In the previous step where you created the load balancer an AWS Secrets Manager secret was created, which you will be able to see on your Secrets Manager console (opens new window).
# Updating the Service Role
The ECS service just created has a JUICE_CONFIG environment variable referencing this secret, however
the service will not yet be able to access that secret, without a policy in place. For security reasons we do not enable this access in the Cloudformation scripts, and you will need you to explicitly enable access to
the secret. This is done by updating the role ECS uses to start the service's task:
Find the latest failed (stopped) task in the ECS Console, and look at the Logs tab. You should see an error message that incudes the assumed role, the action and the resource the role needs to grant.
Go to the Secrets Manager Console page (opens new window) for the region, and look up the ARN for the secret mentioned in the error.

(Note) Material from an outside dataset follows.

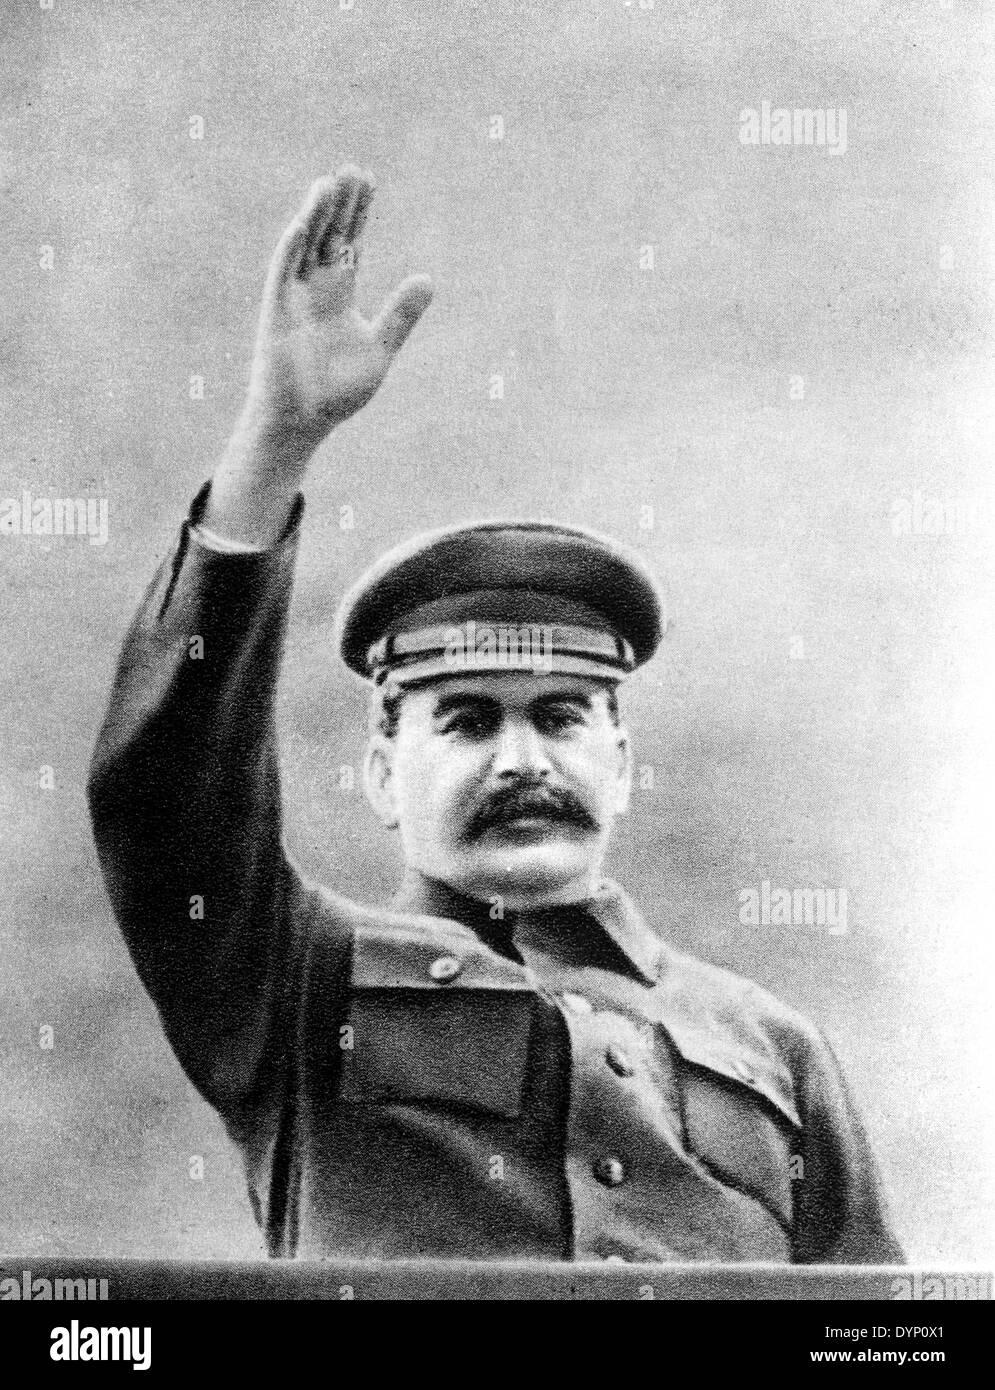 Joseph Stalin (1878-1953), leader of the Soviet Union - Stock Image

Next, go to your IAM Role Console page (opens new window) and search for the role matching the ARN in the error. For example, role
myenv-myproject-ECSRole.
Add the following inline policy, replacing the Resource ARN with that of the secret.
{
"Version": "2012-10-17",
"Statement": [
{
"Effect": "Allow",
"Action": "secretsmanager:GetSecretValue",
"Resource": "arn:aws:secretsmanager:ap-southeast-1:1234567890:secret:j-myenv-myproject-Xxyzlj",
}
]
}
# Configuration / Secrets
The task / service now has access to the secret, but the secret is currently empty.
Return to the Go to the Secrets Manager Console page (opens new window) and enter your JSON configuration into the secret as text.
The file /workspace/datp-config.json can be used as a template, but make sure you update the
host names and ports to match your AWS environment, and include any other variables
your application uses from the secret.
With this done, your service for the master node should start successfully.